Peng Li
About Peng Li
Peng Li is a Staff Scientist specializing in Bioinformatics at the National Institutes of Health, where he has worked since 2012. He has a strong background in software development and data mining for biological data, with advanced degrees in Computer Science and Computational Science.
Current Role at National Institutes of Health
Peng Li serves as a Staff Scientist in Bioinformatics at the National Institutes of Health (NIH) in Bethesda, Maryland. He has held this position since 2012, contributing to the field for over a decade. His work focuses on supporting molecular immunology and genomics through the development of innovative software solutions. His expertise in bioinformatics plays a crucial role in advancing research initiatives at NIH.

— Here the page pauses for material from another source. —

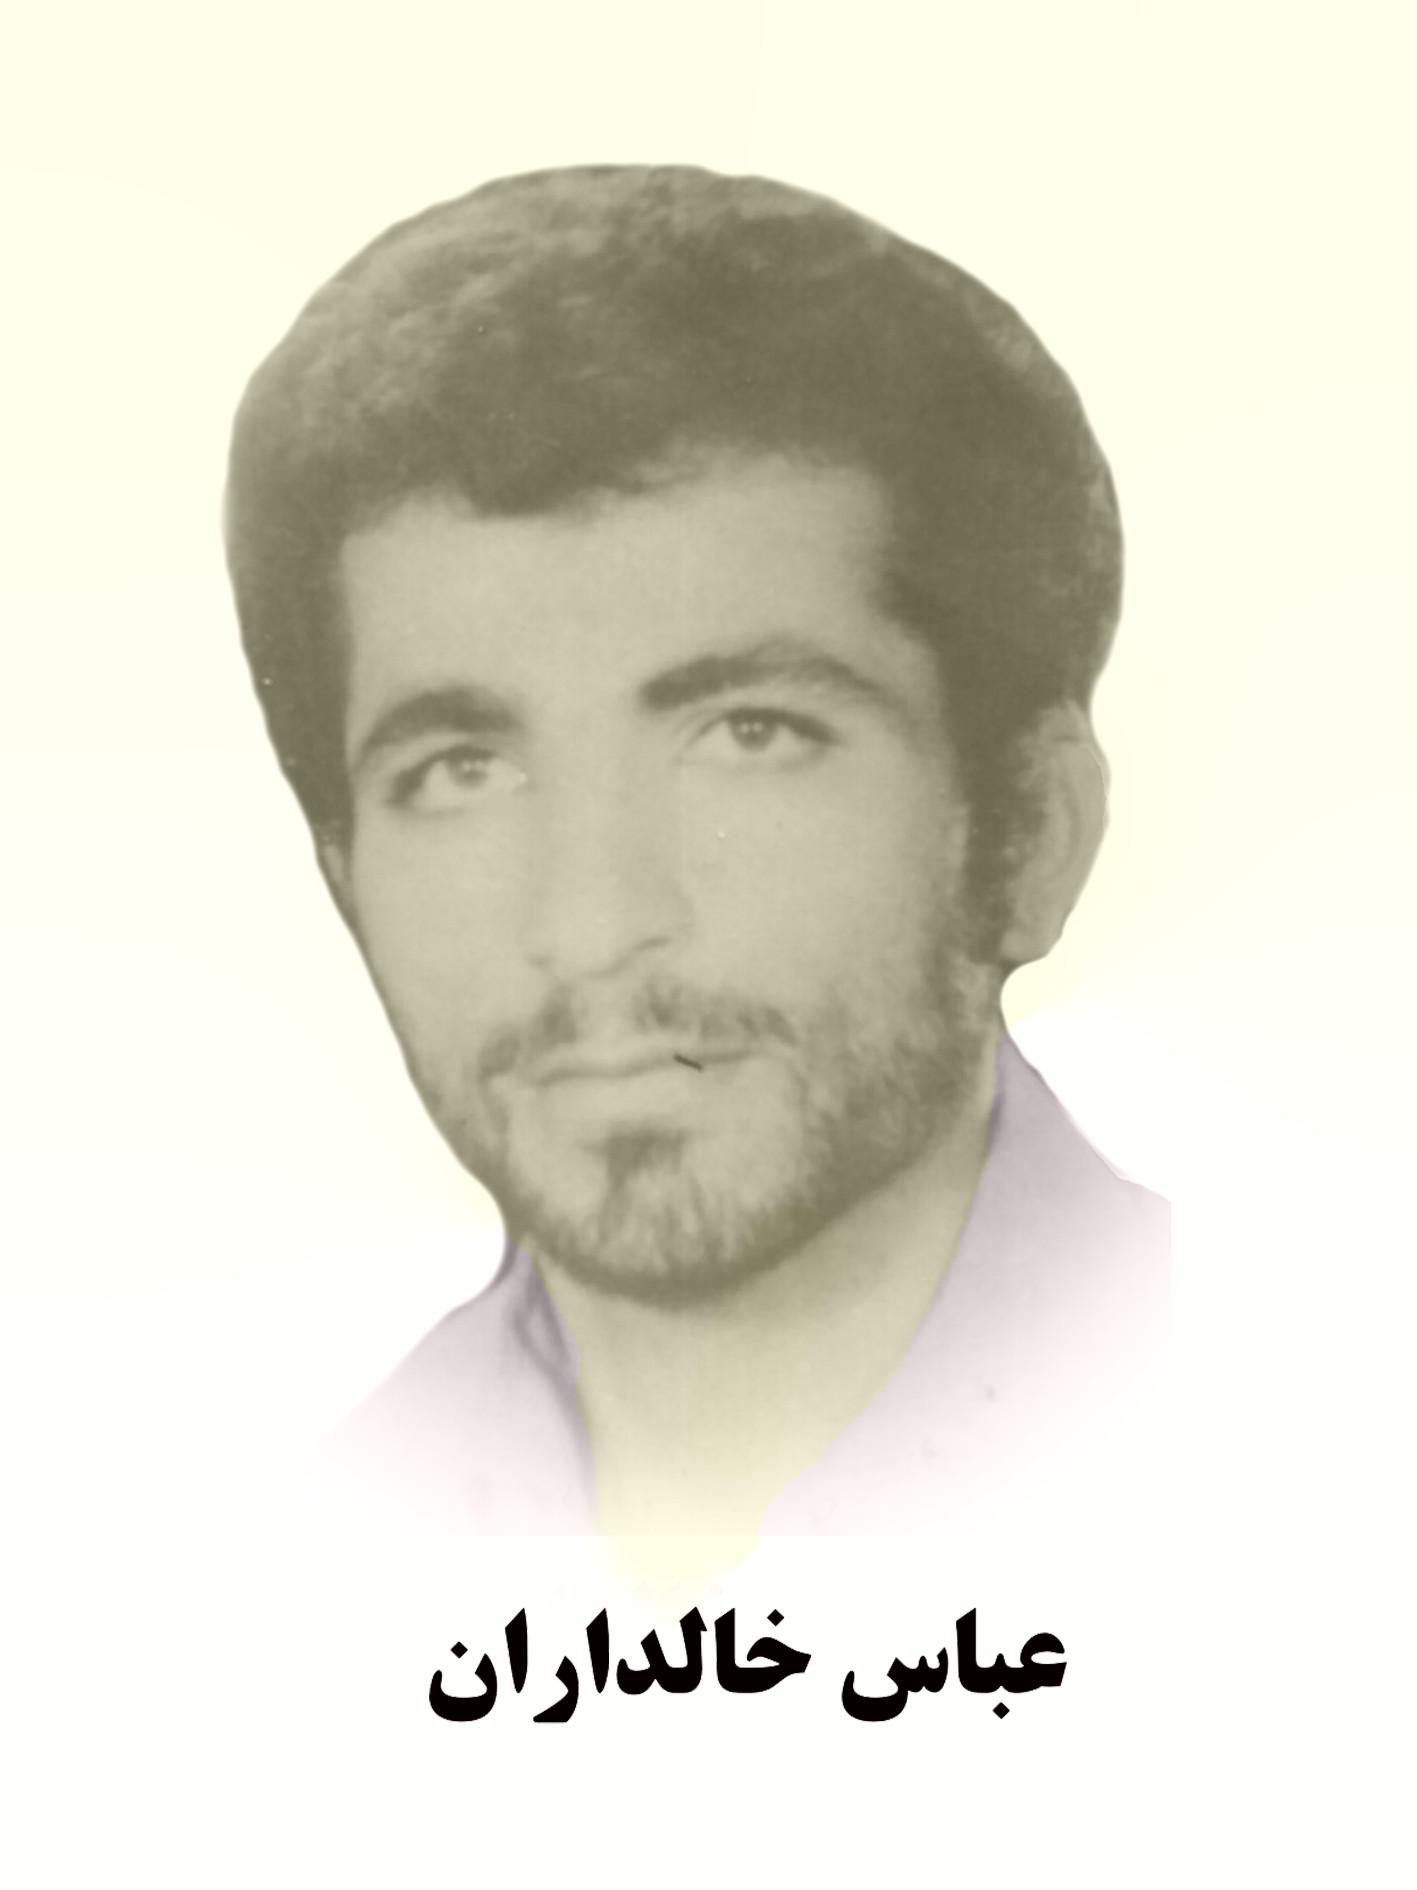 شهید عباس خالداران ( امین نیا )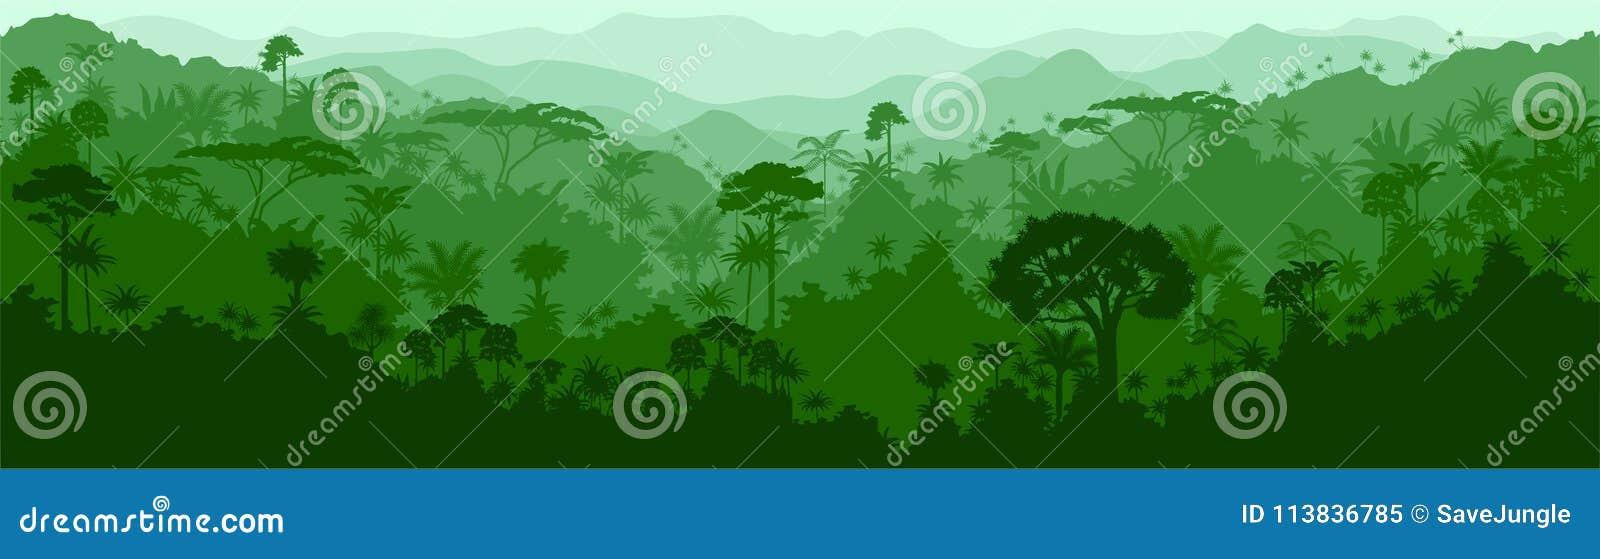 Vector o fundo tropical sem emenda da selva de Colômbia Brasil da floresta úmida

Previous Experience at National Institutes of Health
Prior to his current role, Peng Li worked at the National Institutes of Health as a Research Fellow in Bioinformatics from 2010 to 2012. He also served as a Visiting Fellow at NIH for 11 months in 2009 to 2010. During these periods, he developed skills in bioinformatics and contributed to various research projects, enhancing his knowledge and experience in the field.
Education and Expertise
Peng Li holds a PhD in Computational Science from The University of Southern Mississippi, where he studied from 2005 to 2009. He also earned a Master's degree in Computer Science from Xidian University, completing his studies from 2002 to 2005. Additionally, he obtained a Bachelor's degree in Computer Science from the same institution from 1998 to 2002. His educational background provides a strong foundation for his specialization in the analysis of next-generation sequencing data and other genome-wide assays.
Previous Work Experience
Before joining NIH, Peng Li worked as a Research Assistant and Graduate Student at the University of Southern Mississippi from 2005 to 2009. He also had a brief tenure as a Software Developer at Hanna Strategies (AutoDesk R&D) in Shanghai, China, in 2005. In these roles, he developed software products and data mining technologies tailored for high-throughput biological data, which contributed to his expertise in bioinformatics.